Supreme Court dismisses insurer appeals in FCA test case

Published on Tue, 19/01/2021 - 14:05

Airmic has welcomed the Supreme Court ruling of 15 January dismissing appeals from insurers to the original judgement and allowing four from the Financial Conduct Authority in its case against Arch and Others.

The 112-page Supreme Court judgement concerns appeals brought by both parties and interveners in response to the Covid-19 business interruption insurance test case that was first ruled on by the High Court on 15 September, 2020.

The full background and summary of the Supreme Court decision is outlined by Herbert Smith Freehills, who represented the FCA in the test case, here. In short, however, the FCA’s purpose was to “determine issues of principle on policy coverage and causation under sample insurance wordings in the context of the significant business interruption losses suffered by businesses as a result of the Covid-19 pandemic”.

While 21 sample wordings were considered, the FCA estimates that around 700 types of policies held by 370,000 policyholders across 60 different insurers could potentially be affected.

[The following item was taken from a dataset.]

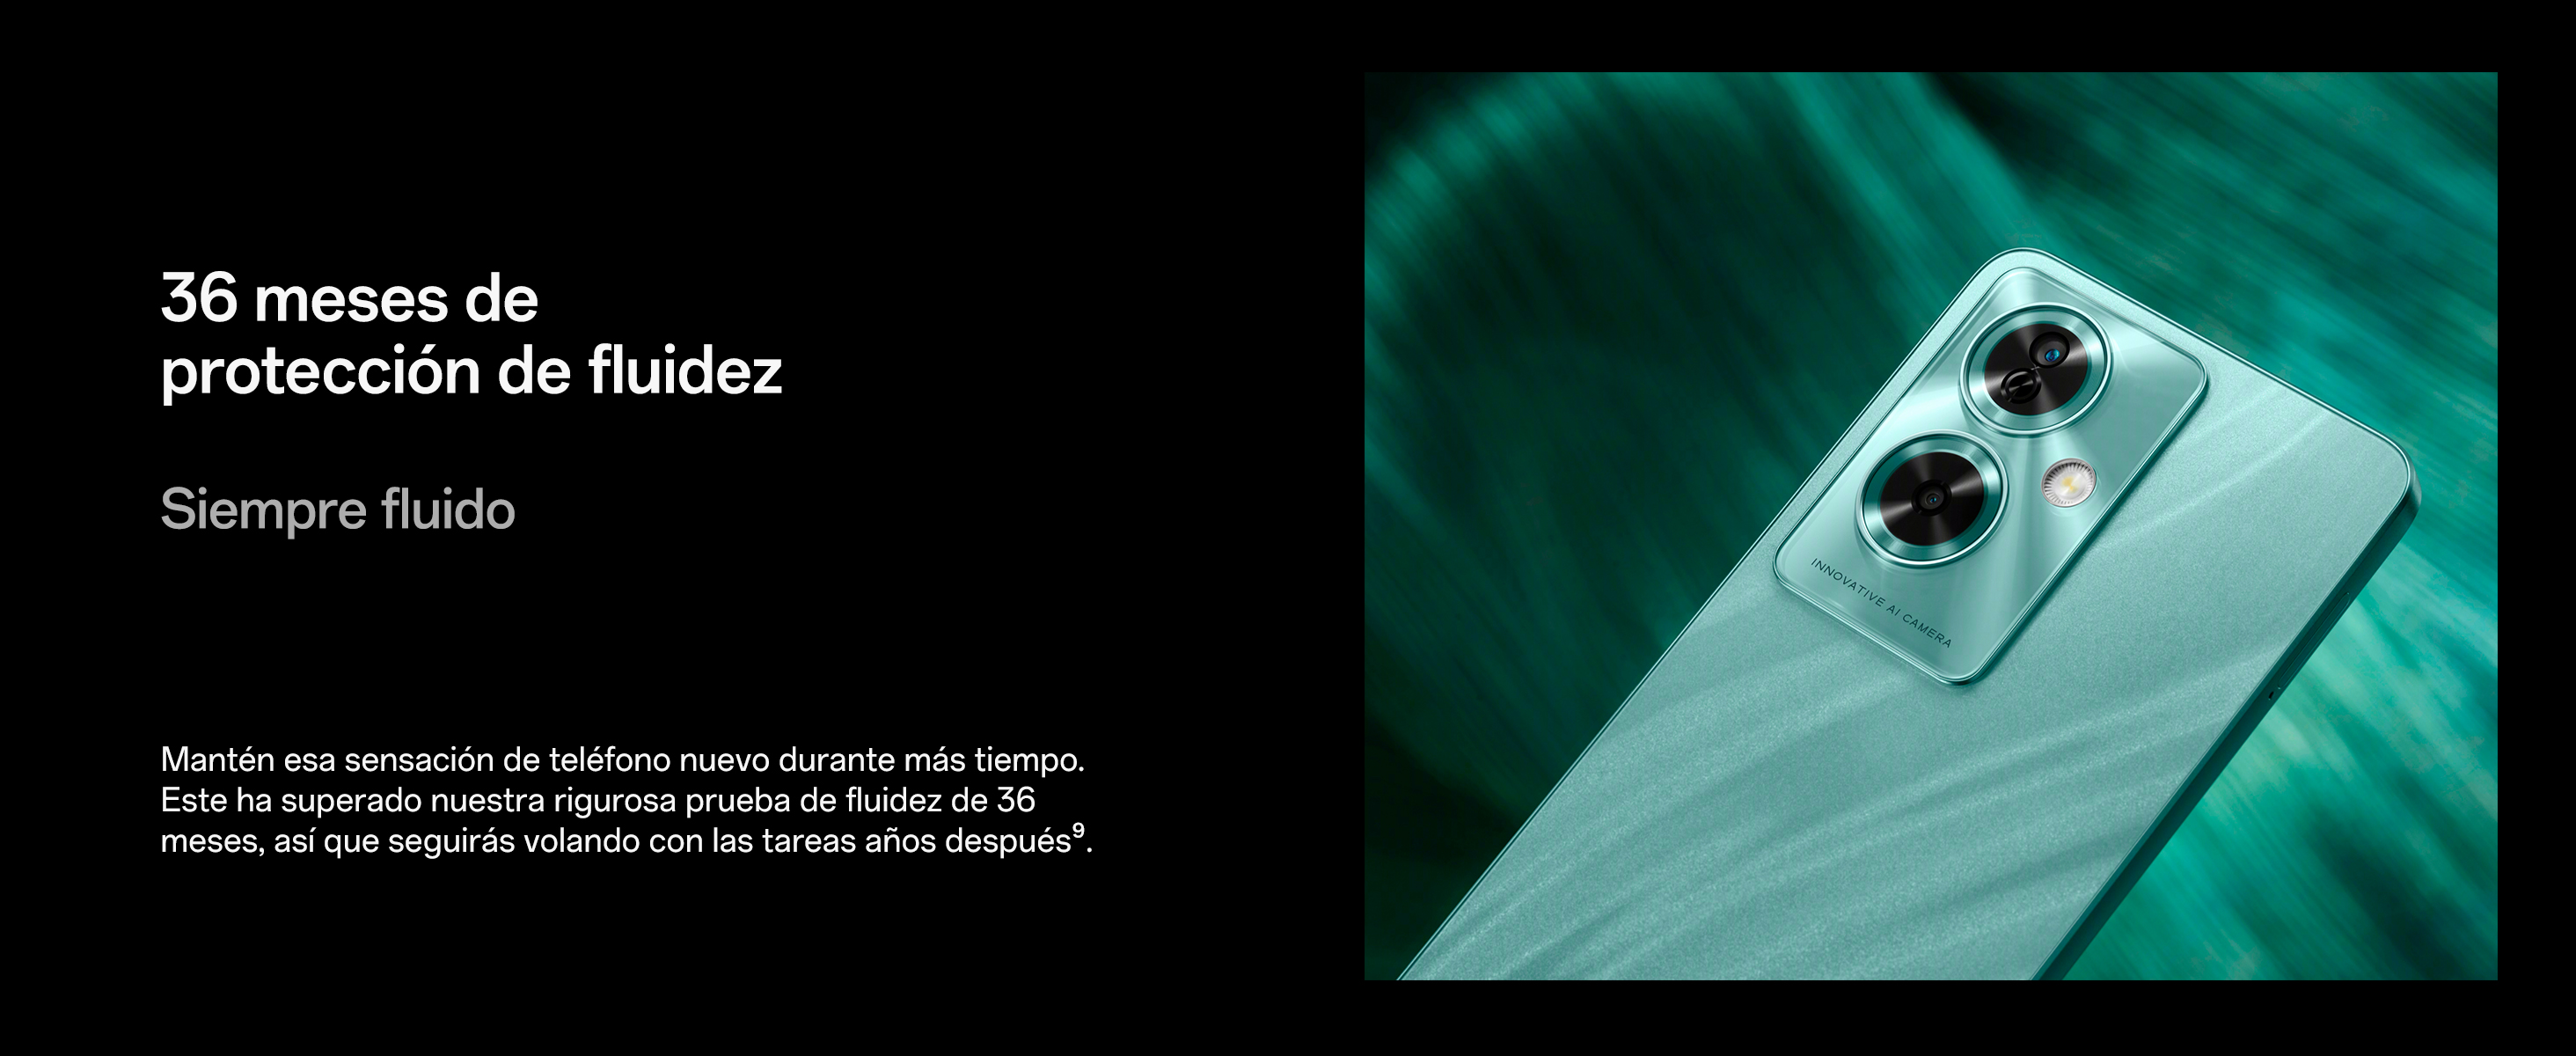 Comprar Oppo A79 5G negro 128 GB - Movistar

“The Supreme Court’s landmark ruling on the FCA's business interruption insurance case for Covid-19 claims is one of the most important legal issues of the last decade,” said John Ludlow, CEO of Airmic. “Affected policyholders will welcome the ruling to unanimously dismiss insurers’ appeals and to substantially allow all four of the FCA’s appeals in favour of policyholders.”

The judgement included resolution of issues including, but not limited to disease clauses, prevention of access and hybrid clauses, causation and pre-trigger losses.

On Friday, 15 January Julia Graham, deputy CEO and technical director, said: “This morning’s decision by the Supreme Court represents positive news for hundreds of thousands of commercial insurance buyers across the UK. The Supreme Court’s ruling completes the legal process for impacted policies and means that many more claims can now be processed and paid out to businesses that are already feeling the strain during the pandemic period.”

In the Herbert Smith Freehills briefing bulletin, the firm added the judgement was “very good news for policyholders” and would improve their position significant beyond what was established by the High Court judgement.

“Although the Supreme Court construed the disease clauses more narrowly than the High Court, it gave broader interpretations to key coverage words in the prevention of access / hybrid wordings (especially as to partial closure of a business) and, most significantly, its findings on causation mean that it will be very challenging for insurers to deny cover, or reduce an indemnity otherwise due to an insured, on the basis that losses that would otherwise be covered under the policy would have resulted in any event from uninsured perils whose underlying cause is the Covid-19 pandemic,” HSF added.

“This will have significant implications in real terms for the indemnities received by policyholders.”

Mr Ludlow said it was important to view the case and judgement within the broader context of the harsh market conditions experienced over the previous two years and is expected to continue in 2021.

“The rocky business conditions felt by many during the pandemic and the resultant economic downturn have been met with hard insurance market pricing during recent renewals discussions,” he said.

“Many of the insurance buyers affected by the FCA’s BI case are long-term insurance partners; now that many more of these BI claims are to be paid, it will be to the benefit of enduring relationships between carriers and their policyholders, which in many cases were already strained not just by this case but by recent market conditions. This news should be viewed within that broader context.”